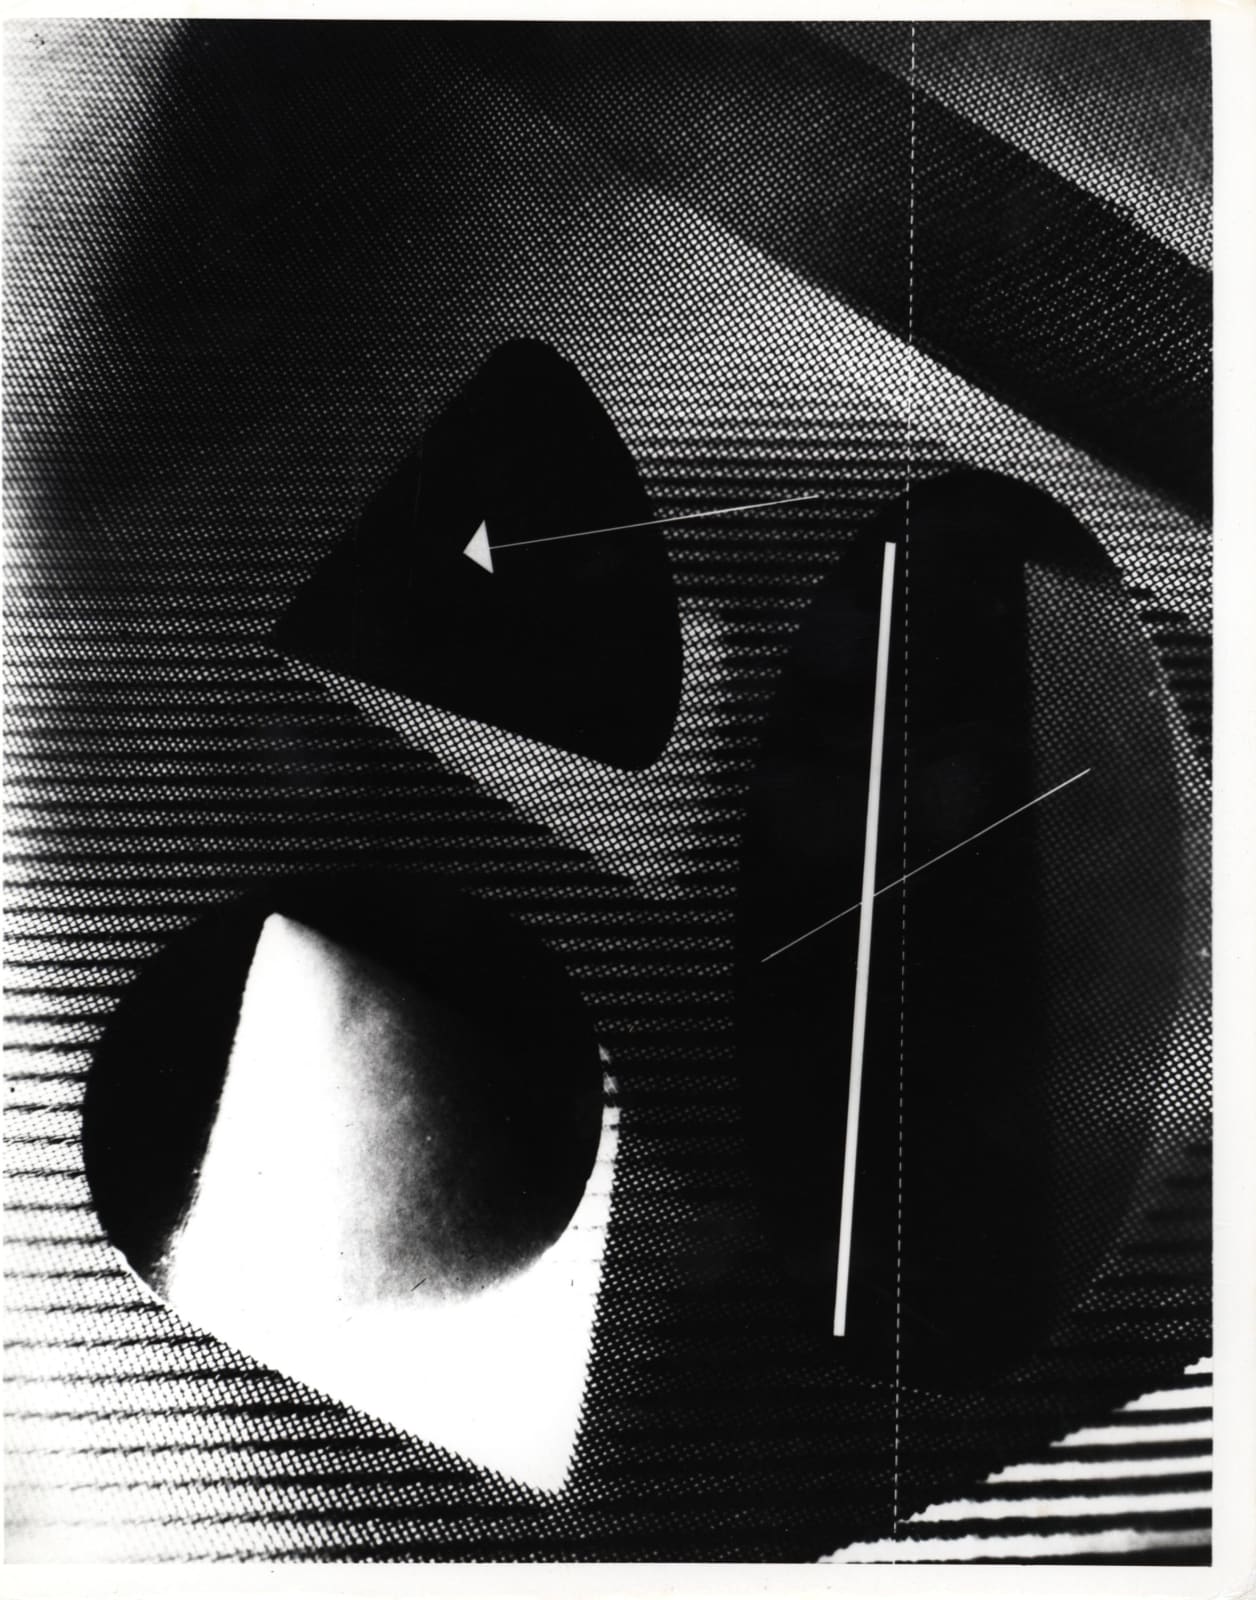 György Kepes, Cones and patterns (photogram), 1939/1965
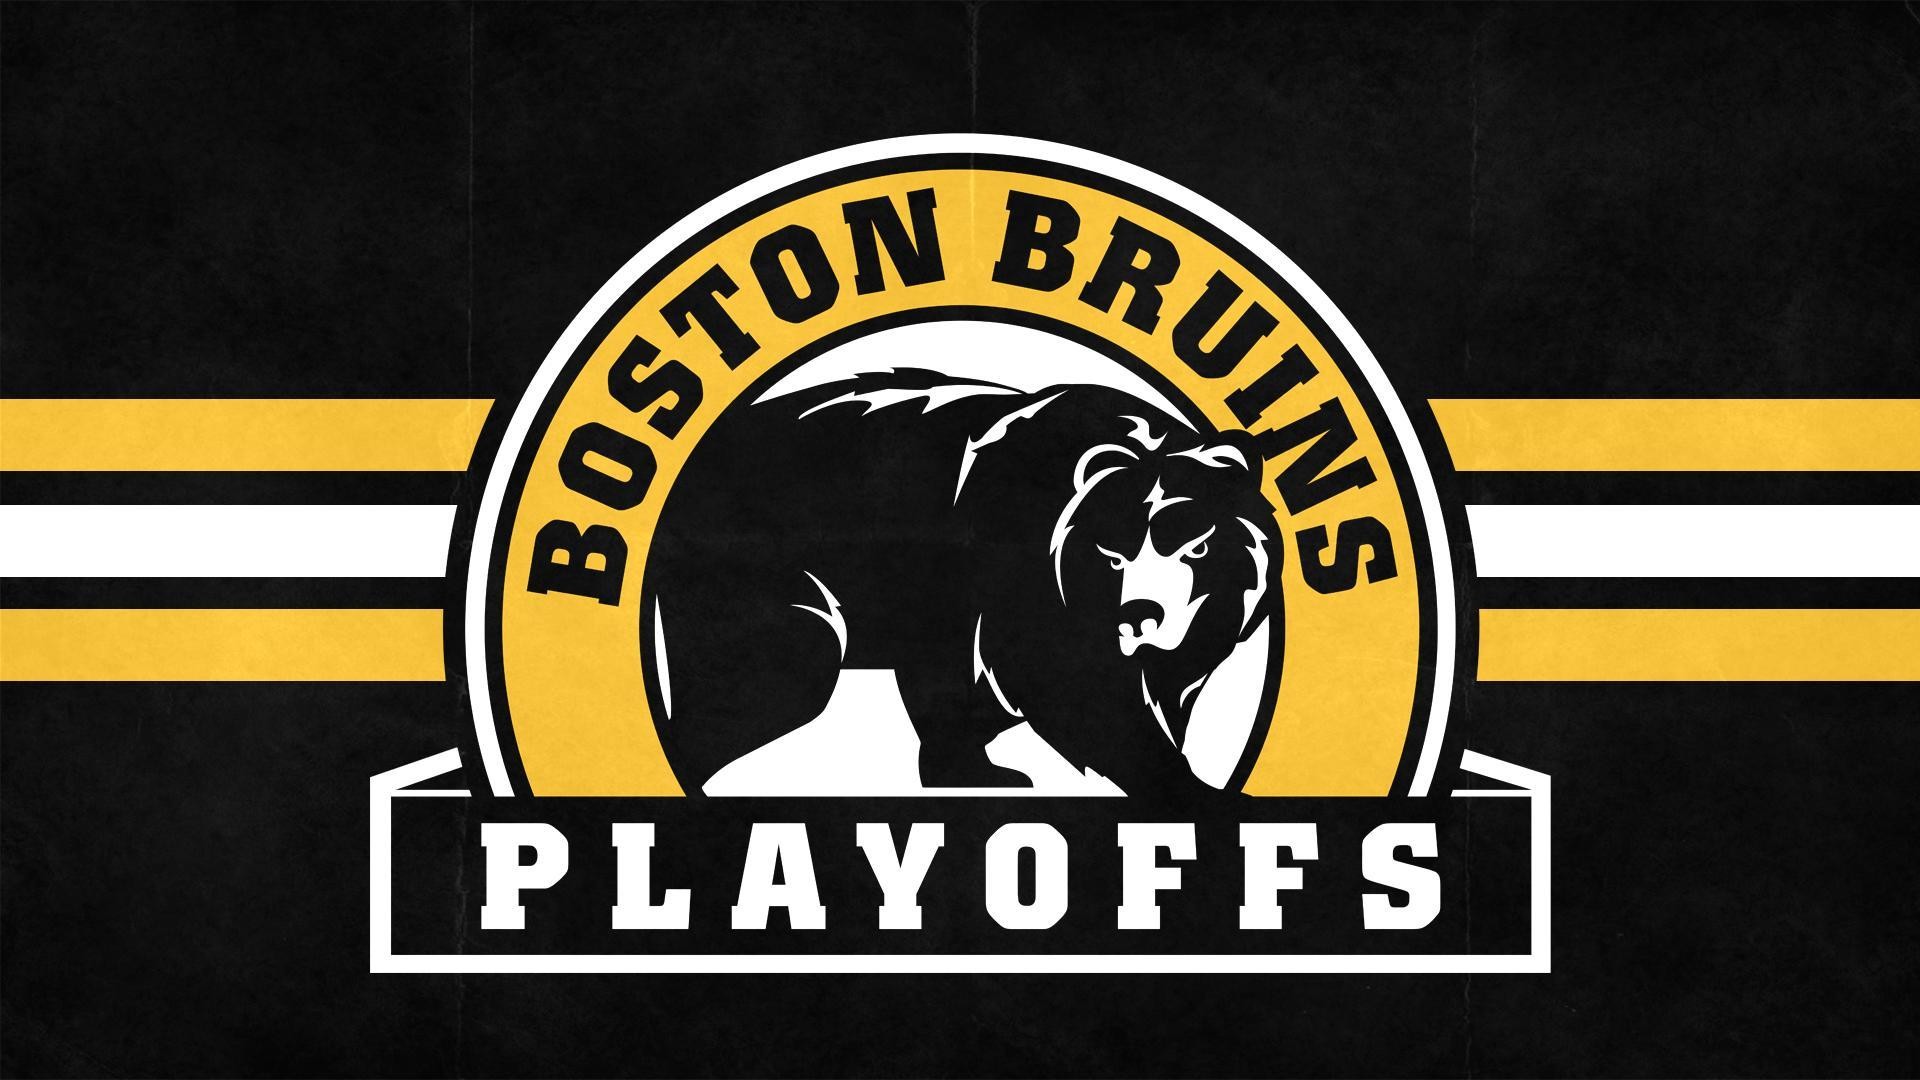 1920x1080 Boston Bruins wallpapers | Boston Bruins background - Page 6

####

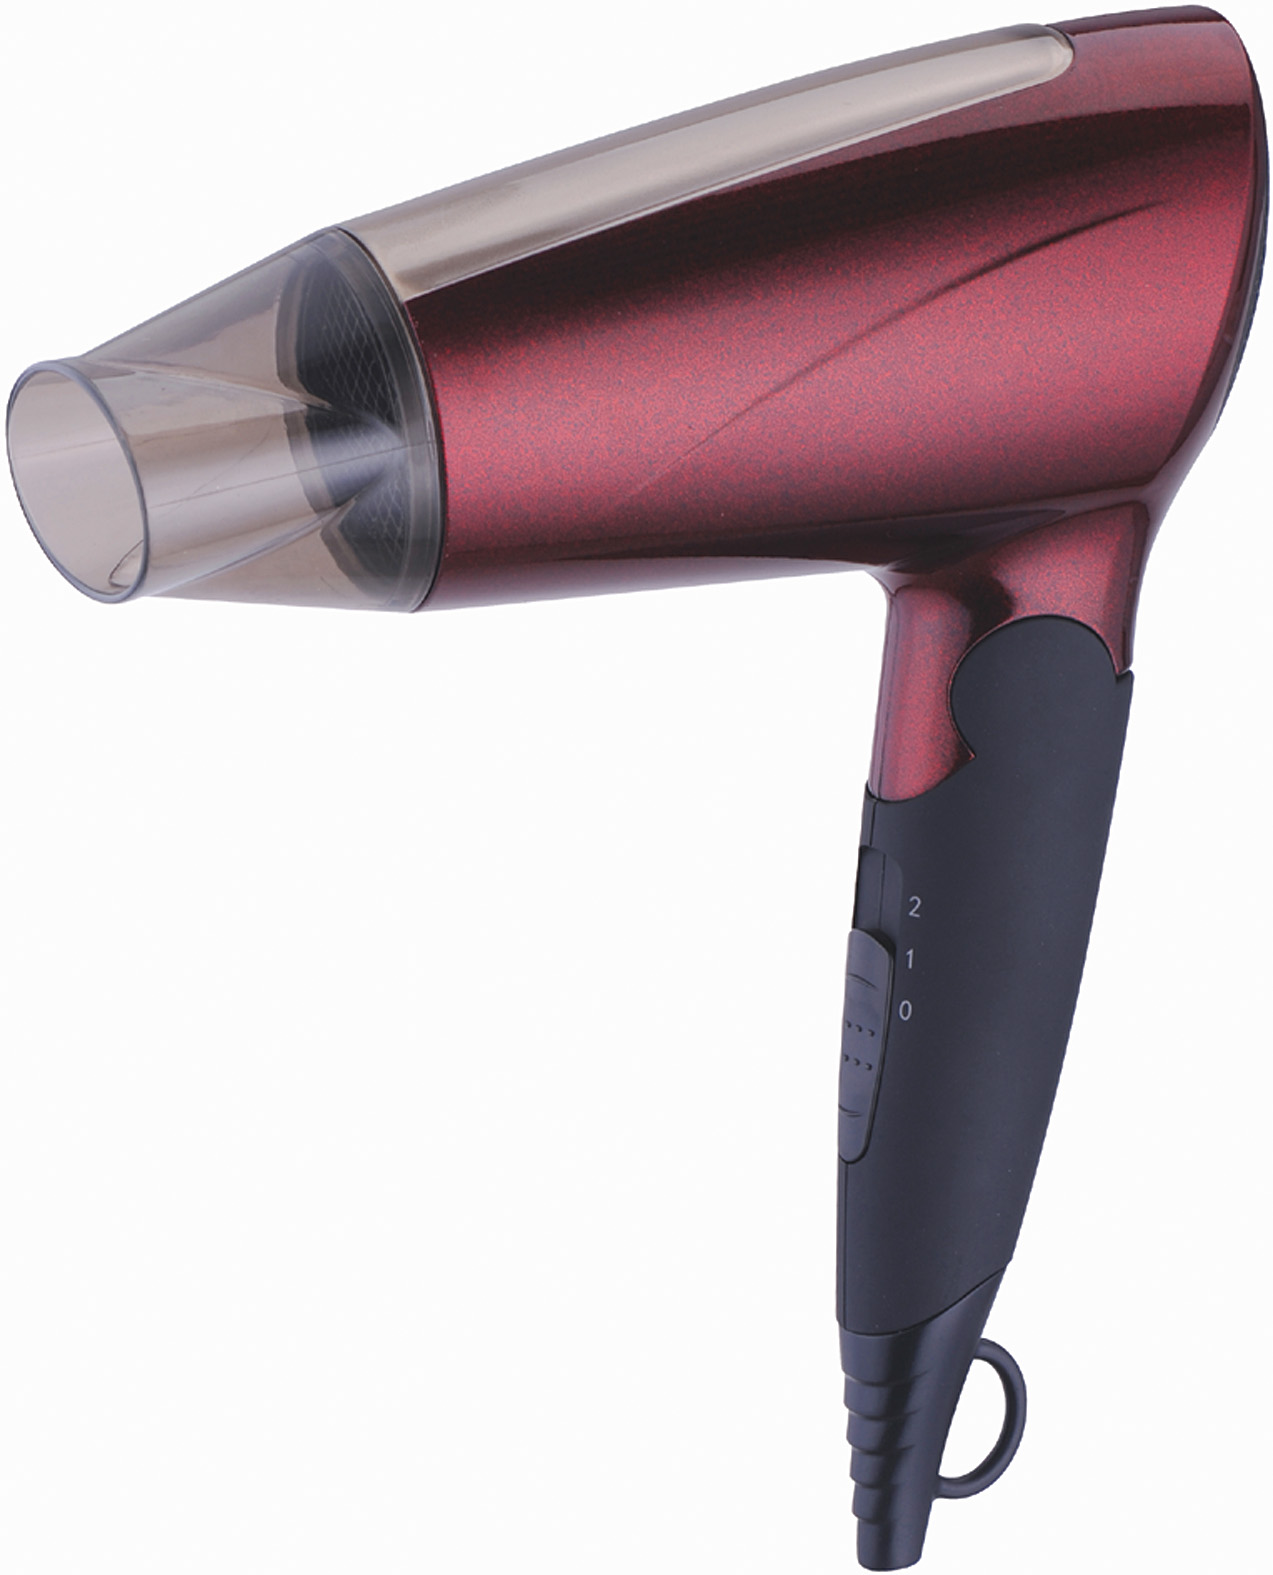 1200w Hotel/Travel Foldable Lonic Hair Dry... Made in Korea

####

▶ Problem description: Please transcribe exactly the part of the records that opens with the line containing "György Kepes, Cones" and closes with the line containing "1920x1080 Boston Bruins", both ends included, and leave out the pictures.

▶ Solution to the problem:
 György Kepes, Cones and patterns (photogram), 1939/1965
 1920x1080 Boston Bruins wallpapers | Boston Bruins background - Page 6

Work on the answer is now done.